Наше параллельное отделение разошлось, было по желтым полированного дерева партам, притихло, подоставало книги и в ожидании преподавателя подтверживало урок. Кто, не мудрствуя лукаво, углубился в Иловайского, кто, стремясь блеснуть своими знаниями, разложил «Родную Старину" Сиповского и подчитывал по ней, добывая «подробности». Зудили зубрилы, заткнув пальцами уши.
Класс — в три больших широких окна на Итальянскую, — залит ярким радостным светом. Весеннее солнце везде: на низких комодах, где хранятся «гимнастерки» и патронташи, на черных досках с нестертыми алгебраическими уравнениями, на большой карте Европы, на картинках каких-то птиц и более всего на партах с мальчиками в темно-зеленых мундирах с белыми погонами с желтым вензелем А-11. Оно блестит на примасленных вихрах шаловливого пучеглазого Баума, бросило бронзу на смуглое лицо Термена и окружило серебристым сиянием белую голову Трендаля.
Преподавателя нет. Дежурный в белом кушаке третий раз откашливается, собираясь рапортовать. Он выглядывает в сумрачный, в тени, зал и смотрит через него на парадную лестницу. На лестнице солнце прочертило косые золотые дороги, и все кажется, там непостижимо прекрасным.

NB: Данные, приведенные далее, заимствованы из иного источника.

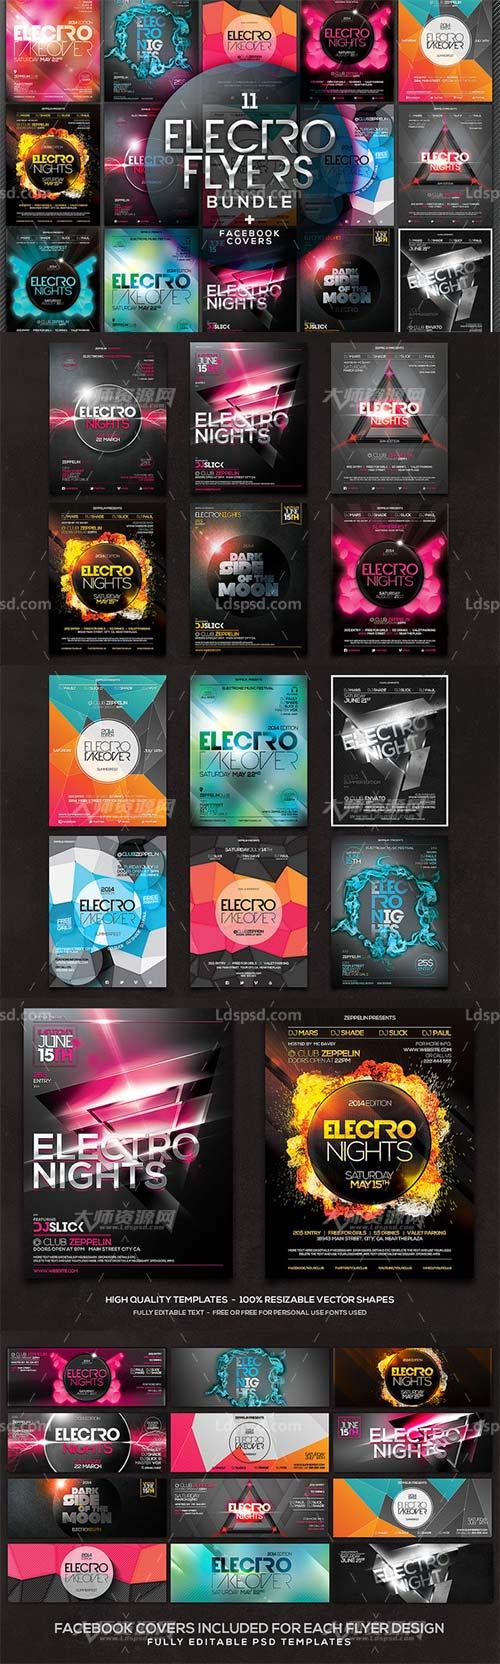 Electro Flyers Bundle + FB Covers,11组既个性又艺术的海报/传单模板
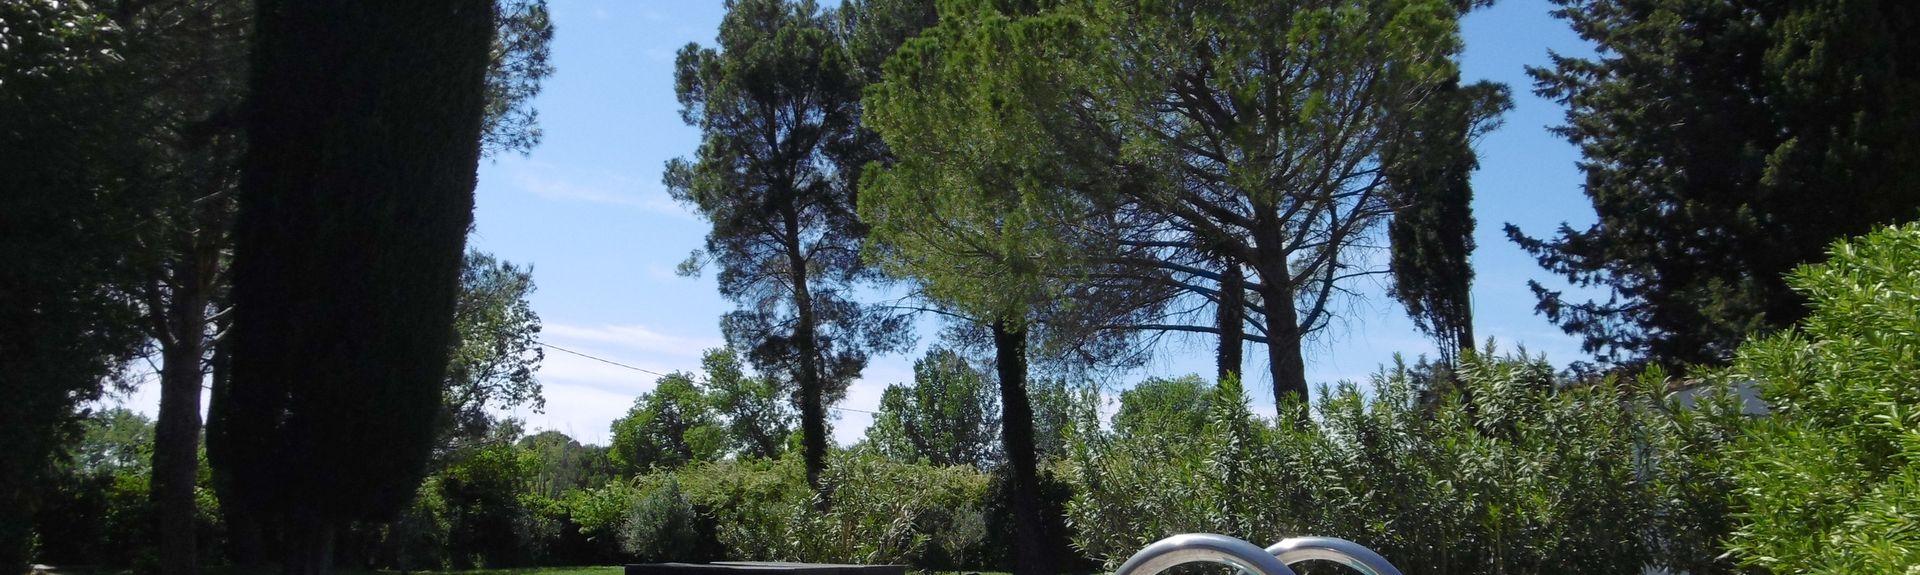 Raphele-les-Arles, Arlés, PACA, Francia

В открытое окно вливается сладкий весенний воздух и слышится медленный барабанный бой со двора и бас Михневича: «Левой… левой… покойней руку…»
На задней скамейке бледный и длинный Романченко достал из черного плоского футляра флейту и под сурдинку протверживает свою партию: следующий час ему играть в оркестре. За ним Гладков с Леном дуются в «крестики и нолики», а рядом рыжеватый Лорберг углубился в чтение французского романа «Запретный плод».
Звуки флейты становятся громче. Голоса нарастают. Баум пустил бумажную стрелу и она, плавно пролетев по воздуху, ударила в висок Никифорова. Ссора готова. Два раза в класс заглядывал дежурный воспитатель Сергей Васильевич Коноплев.
— Господа. Потише. Мешаете заниматься.
Прошло пять… потом десять минут…
У тех, кто стоял на очереди вызова, светлели лица. Книги закрывались. Усталые глаза отрывались от слишком знакомых страниц. Таблица хронологии свертывалась. Еще Михачев последний раз напомнил мне:
— Если что… По ручному телеграфу… Тысячи не надо. Первые пальцы столетие, второй раз десятки и третьи единицы. Только быстро… Я разберу… Меня сегодня… наверно.
И тяжело вздохнул.
По залу легкий звон прибитых к каблукам маленьких сапог шпор… Ротный командир… Кольдевин…
Он вошел спокойно и уверенно в затихший и вытянувшийся у своих мест класс. Он выслушал внимательно рапорт и подошел к полированному столу.
— Садитесь, господа.
С легким шорохом двадцать три мальчика уселись за парты. В полную тишину доносится в открытую дверь барабанный беглый бой и шарканье носков по асфальту. Из соседнего класса слышно, как, совсем запутавшись, тот же звонкий голос что-то отрывочно выкрикивает… Верная единица…
У Николая Федоровича Кольдевина седеющая черная борода небольшой лопатой, редеющие волосы с небольшим «коком» над виском «на пробор», нос картошкой и загорелое лицо. Голос с приятной хрипотцой. Он в длиннополом сюртуке и, как всегда, при шашке. На груди, в петлице Владимир с мечами.
Этот Владимир с мечами — его обаяние над нами. Его слава. Он лейб-егерь, участник русско-турецкой войны. Сражался под Горным Дубняком…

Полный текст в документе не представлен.